The answer must consist only of the lines from the line with "JUSTSTAR Dance bag" to the line with "Children of the", both included, exactly as they stand below.

**Supplied material:**
↓
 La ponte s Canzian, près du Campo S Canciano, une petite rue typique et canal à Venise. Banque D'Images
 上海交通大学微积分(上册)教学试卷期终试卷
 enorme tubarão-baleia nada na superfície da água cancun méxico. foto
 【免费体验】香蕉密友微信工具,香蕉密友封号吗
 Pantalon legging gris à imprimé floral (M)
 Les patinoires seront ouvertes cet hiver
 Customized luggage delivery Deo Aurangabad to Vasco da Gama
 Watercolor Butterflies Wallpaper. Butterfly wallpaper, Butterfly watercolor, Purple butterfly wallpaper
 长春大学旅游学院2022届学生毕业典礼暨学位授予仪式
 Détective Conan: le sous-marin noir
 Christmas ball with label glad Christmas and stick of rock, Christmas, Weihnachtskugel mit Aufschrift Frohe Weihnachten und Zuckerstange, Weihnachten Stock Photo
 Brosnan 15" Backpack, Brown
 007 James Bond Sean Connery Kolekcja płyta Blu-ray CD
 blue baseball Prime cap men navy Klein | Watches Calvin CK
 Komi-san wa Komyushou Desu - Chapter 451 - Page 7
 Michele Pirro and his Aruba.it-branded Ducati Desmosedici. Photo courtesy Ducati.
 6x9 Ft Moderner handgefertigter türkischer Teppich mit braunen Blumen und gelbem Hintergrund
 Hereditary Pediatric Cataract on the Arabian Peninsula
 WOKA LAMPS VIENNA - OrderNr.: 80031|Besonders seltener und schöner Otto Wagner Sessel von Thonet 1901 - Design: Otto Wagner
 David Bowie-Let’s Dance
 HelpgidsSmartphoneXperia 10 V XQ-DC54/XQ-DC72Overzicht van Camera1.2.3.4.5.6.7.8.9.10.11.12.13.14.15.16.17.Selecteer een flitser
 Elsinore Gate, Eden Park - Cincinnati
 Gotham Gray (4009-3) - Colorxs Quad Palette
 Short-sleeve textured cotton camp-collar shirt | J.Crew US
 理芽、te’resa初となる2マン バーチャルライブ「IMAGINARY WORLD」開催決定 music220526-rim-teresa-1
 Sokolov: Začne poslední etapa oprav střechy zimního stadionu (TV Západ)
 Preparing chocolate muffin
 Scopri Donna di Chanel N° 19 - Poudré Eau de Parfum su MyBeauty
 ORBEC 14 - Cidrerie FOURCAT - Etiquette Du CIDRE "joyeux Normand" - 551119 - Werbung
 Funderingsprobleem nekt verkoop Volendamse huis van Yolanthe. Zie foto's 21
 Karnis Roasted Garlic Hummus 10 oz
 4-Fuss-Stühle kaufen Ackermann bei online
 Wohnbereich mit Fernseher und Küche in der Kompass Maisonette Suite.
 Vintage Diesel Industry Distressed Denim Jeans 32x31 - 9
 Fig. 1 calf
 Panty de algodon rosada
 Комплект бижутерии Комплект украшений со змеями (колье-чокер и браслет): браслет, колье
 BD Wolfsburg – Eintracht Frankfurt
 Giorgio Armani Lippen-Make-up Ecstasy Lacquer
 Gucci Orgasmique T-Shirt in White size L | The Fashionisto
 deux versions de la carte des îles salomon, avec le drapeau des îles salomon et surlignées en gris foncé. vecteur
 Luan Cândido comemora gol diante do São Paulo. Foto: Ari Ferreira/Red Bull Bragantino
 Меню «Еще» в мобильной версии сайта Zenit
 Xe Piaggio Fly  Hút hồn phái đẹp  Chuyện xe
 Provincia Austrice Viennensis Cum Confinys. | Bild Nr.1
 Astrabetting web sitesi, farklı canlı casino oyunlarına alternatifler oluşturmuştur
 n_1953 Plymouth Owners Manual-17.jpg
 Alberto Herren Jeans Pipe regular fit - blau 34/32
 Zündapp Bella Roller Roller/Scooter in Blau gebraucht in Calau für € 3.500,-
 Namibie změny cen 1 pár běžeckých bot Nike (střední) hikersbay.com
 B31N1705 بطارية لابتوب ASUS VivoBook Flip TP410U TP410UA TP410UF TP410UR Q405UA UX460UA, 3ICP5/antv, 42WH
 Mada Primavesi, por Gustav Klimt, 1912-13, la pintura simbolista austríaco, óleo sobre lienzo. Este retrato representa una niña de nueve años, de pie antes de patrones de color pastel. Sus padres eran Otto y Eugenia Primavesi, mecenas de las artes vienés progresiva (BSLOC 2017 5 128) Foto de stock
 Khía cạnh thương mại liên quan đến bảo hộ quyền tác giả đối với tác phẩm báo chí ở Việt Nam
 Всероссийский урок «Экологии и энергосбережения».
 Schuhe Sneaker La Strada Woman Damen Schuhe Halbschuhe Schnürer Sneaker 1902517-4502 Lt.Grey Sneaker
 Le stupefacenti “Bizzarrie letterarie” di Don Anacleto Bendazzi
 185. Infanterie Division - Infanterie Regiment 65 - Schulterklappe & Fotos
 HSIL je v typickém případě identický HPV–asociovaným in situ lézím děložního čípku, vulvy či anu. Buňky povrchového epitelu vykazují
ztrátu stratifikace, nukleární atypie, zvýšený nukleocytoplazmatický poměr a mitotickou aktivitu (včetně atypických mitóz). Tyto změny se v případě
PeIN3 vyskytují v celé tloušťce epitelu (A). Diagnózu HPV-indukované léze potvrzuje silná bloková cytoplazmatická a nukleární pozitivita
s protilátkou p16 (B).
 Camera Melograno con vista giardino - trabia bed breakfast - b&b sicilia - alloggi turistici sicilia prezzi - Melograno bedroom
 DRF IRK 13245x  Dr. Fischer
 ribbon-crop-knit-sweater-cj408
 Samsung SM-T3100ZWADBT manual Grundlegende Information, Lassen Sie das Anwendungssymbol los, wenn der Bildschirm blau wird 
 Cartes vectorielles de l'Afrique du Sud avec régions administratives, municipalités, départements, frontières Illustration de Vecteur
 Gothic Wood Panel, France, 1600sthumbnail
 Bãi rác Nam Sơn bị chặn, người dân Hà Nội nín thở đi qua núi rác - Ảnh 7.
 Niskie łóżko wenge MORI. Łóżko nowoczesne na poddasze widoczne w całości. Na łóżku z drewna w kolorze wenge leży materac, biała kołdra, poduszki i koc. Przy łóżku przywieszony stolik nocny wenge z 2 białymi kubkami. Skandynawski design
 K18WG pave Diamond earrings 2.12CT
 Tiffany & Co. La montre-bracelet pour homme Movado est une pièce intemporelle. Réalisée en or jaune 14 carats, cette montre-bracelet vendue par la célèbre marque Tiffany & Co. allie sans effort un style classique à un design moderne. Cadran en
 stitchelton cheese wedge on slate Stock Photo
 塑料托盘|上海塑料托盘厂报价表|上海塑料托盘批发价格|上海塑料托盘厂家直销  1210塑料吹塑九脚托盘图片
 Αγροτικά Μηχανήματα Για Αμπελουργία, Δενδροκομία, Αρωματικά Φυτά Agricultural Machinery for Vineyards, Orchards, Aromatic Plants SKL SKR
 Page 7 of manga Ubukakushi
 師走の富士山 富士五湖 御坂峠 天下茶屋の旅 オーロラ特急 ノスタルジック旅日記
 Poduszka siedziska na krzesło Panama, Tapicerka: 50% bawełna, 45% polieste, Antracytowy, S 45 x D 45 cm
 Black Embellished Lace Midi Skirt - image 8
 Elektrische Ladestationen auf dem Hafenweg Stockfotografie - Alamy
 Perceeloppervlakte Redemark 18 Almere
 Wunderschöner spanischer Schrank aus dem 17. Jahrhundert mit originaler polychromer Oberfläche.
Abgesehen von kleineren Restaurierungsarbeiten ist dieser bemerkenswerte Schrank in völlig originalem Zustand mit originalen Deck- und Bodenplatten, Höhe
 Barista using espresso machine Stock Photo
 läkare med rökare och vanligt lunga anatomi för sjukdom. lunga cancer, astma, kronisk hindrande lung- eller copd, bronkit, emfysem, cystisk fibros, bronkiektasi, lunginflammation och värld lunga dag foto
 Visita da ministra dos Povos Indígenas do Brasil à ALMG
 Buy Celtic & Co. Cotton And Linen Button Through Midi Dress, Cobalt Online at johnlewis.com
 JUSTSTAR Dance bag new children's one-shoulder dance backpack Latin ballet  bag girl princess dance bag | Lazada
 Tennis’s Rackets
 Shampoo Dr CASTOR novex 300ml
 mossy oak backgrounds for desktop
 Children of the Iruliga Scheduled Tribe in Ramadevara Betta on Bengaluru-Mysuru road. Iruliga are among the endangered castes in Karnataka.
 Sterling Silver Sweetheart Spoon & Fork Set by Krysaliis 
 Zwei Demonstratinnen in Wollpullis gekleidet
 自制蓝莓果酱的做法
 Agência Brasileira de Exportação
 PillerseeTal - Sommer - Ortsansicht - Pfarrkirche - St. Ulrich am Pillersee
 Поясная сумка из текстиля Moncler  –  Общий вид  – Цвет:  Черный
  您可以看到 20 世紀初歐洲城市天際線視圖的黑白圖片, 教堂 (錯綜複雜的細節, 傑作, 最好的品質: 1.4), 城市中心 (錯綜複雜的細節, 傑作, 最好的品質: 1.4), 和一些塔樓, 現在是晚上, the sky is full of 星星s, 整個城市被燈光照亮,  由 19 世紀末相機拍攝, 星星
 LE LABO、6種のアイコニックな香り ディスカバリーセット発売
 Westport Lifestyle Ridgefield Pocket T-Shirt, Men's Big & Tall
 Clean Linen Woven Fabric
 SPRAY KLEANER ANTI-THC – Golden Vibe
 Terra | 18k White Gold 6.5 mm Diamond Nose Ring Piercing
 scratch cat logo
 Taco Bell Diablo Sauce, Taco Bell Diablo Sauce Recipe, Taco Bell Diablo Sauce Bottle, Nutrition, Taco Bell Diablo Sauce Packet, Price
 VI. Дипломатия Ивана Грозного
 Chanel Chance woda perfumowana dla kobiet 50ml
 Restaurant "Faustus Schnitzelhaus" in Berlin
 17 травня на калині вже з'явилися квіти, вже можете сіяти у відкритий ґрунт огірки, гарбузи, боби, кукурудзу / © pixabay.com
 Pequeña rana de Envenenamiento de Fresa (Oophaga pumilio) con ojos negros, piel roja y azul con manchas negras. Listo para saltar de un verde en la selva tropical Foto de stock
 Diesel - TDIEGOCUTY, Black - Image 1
↑
**Reply:**
 JUSTSTAR Dance bag new children's one-shoulder dance backpack Latin ballet  bag girl princess dance bag | Lazada
 Tennis’s Rackets
 Shampoo Dr CASTOR novex 300ml
 mossy oak backgrounds for desktop
 Children of the Iruliga Scheduled Tribe in Ramadevara Betta on Bengaluru-Mysuru road. Iruliga are among the endangered castes in Karnataka.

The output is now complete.